THE SITUATION
Snowflake spend had grown 110% in 13 months. Spend had outpaced the value it was generating, and without a structured approach to consumption management, the trajectory was only going in one direction.
The consumption profile was heavily skewed toward compute. Storage made up the remainder. Neither was governed with the discipline the scale demanded, and there was no mechanism in place to change that.
THE SOLUTION
GrowthArc was brought in to close the gap between what the platform cost and what it delivered. The engagement was structured around a clear principle: consumption should be proportional to business value. Where it was not, it needed to be corrected.
Phase 1 focused on two areas where savings were quantifiable and achievable without organizational disruption: storage optimization and warehouse sizing. Sequencing mattered here. Quick, validated wins in production built the confidence needed to take on the more structurally complex compute challenges in subsequent phases.
WHAT WE BUILT
GrowthArc deployed its Cost & Performance Optimizer accelerator to identify unused data objects and surface high-churn tables accumulating retention overhead that served no active business purpose. Critically, the tool generated the data justification required for business sign-off before any action was taken, keeping accountability with the right stakeholders.
On the compute side, a Hybrid Recommendation Engine combining rule-based logic and AI analyzed utilization patterns across warehouses and translated them into specific sizing actions with estimated savings attached.
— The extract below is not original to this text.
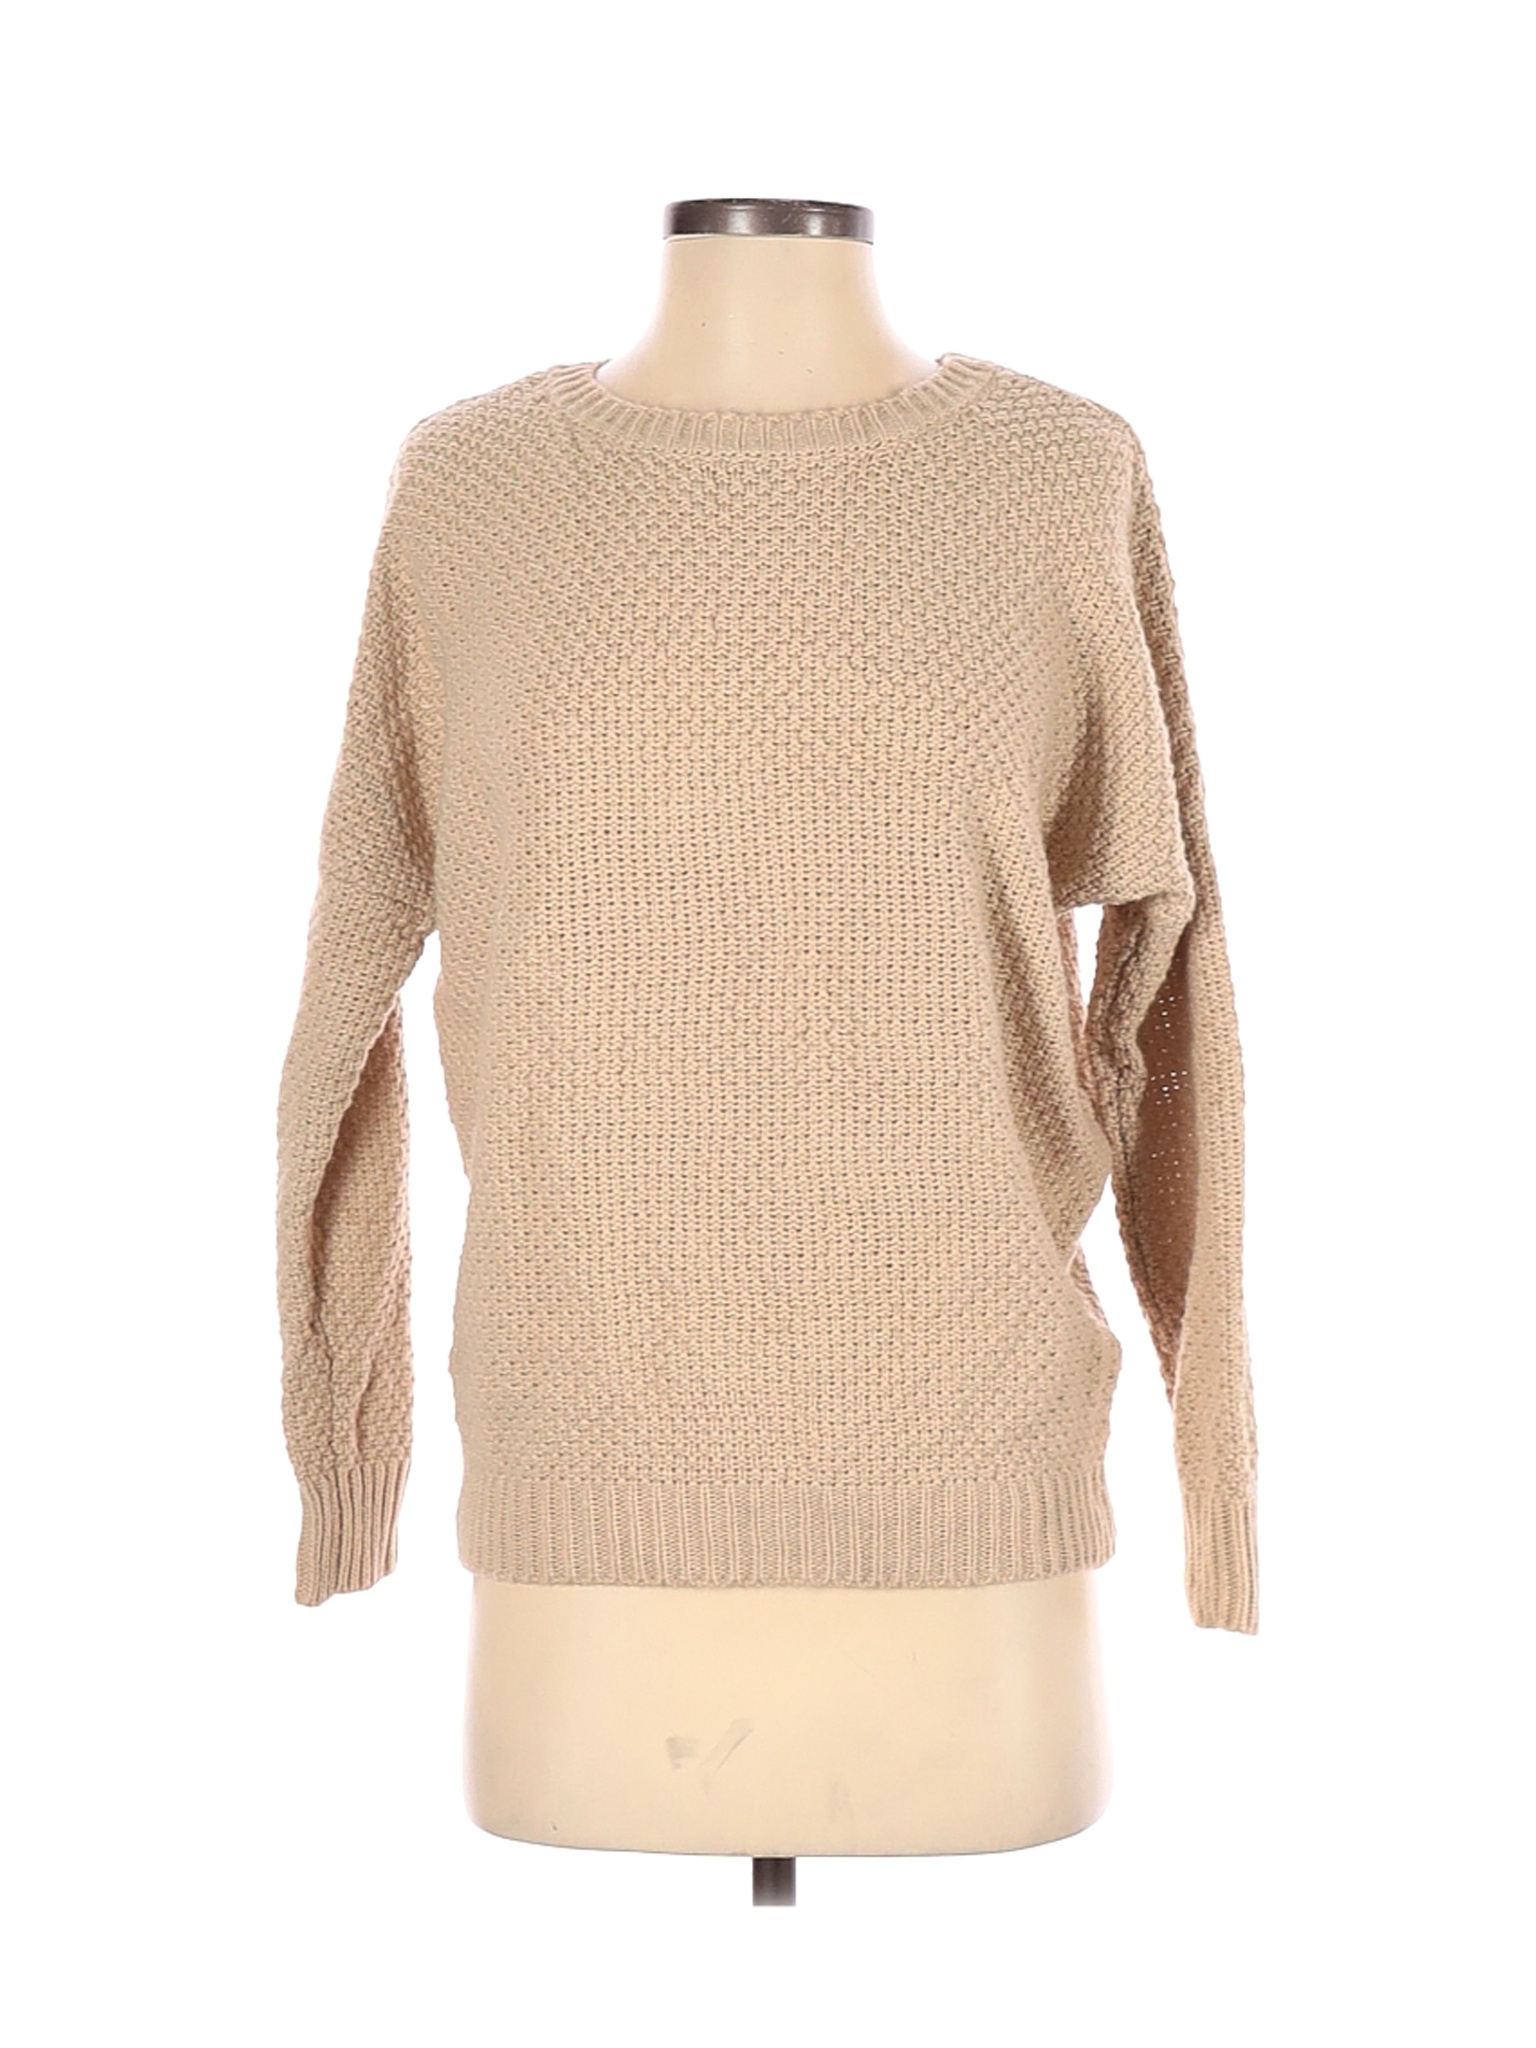 Mak Sweaters Women Brown Pullover Sweater S | eBay

Idle warehouse activity was mapped and used to enforce smarter auto-suspend policies, ensuring credits stopped the moment workloads completed.
THE OUTCOME
The engagement identified substantial annualized savings potential across storage and compute. Inactive storage emerged as the single largest opportunity, representing 20% to 27% of total storage spend, recoverable through structured lifecycle management alone.
Beyond cost recovery, the client now operates with a repeatable FinOps discipline. Storage decisions are governed by data. Warehouse sizing reflects workload reality rather than historical defaults. That shift in operating model is what makes the savings sustainable.
110%
Spend Growth Addressed
Monthly costs had doubled in 13 months. The engagement was designed to reverse that trajectory without compromising platform capability.
27%
Storage Spend Recovery
Inactive storage was the largest single savings lever, quantified and made actionable through structured lifecycle analysis.
9 Weeks
Phase 1 Delivered
Storage optimizations validated in production by week four. Warehouse re-sizing completed and validated by week nine.
FUTURE OUTLOOK
Phase 1 establishes the governance foundation. The next phase moves into workload profiling, query optimization, and the broader infrastructure of consumption control: budgets, tagging, and alerting. These address the compute-heavy profile at a structural level rather than at the surface.
With that foundation in place, the client is positioned to scale Snowflake adoption deliberately, with consumption growth tied to business outcomes rather than platform defaults.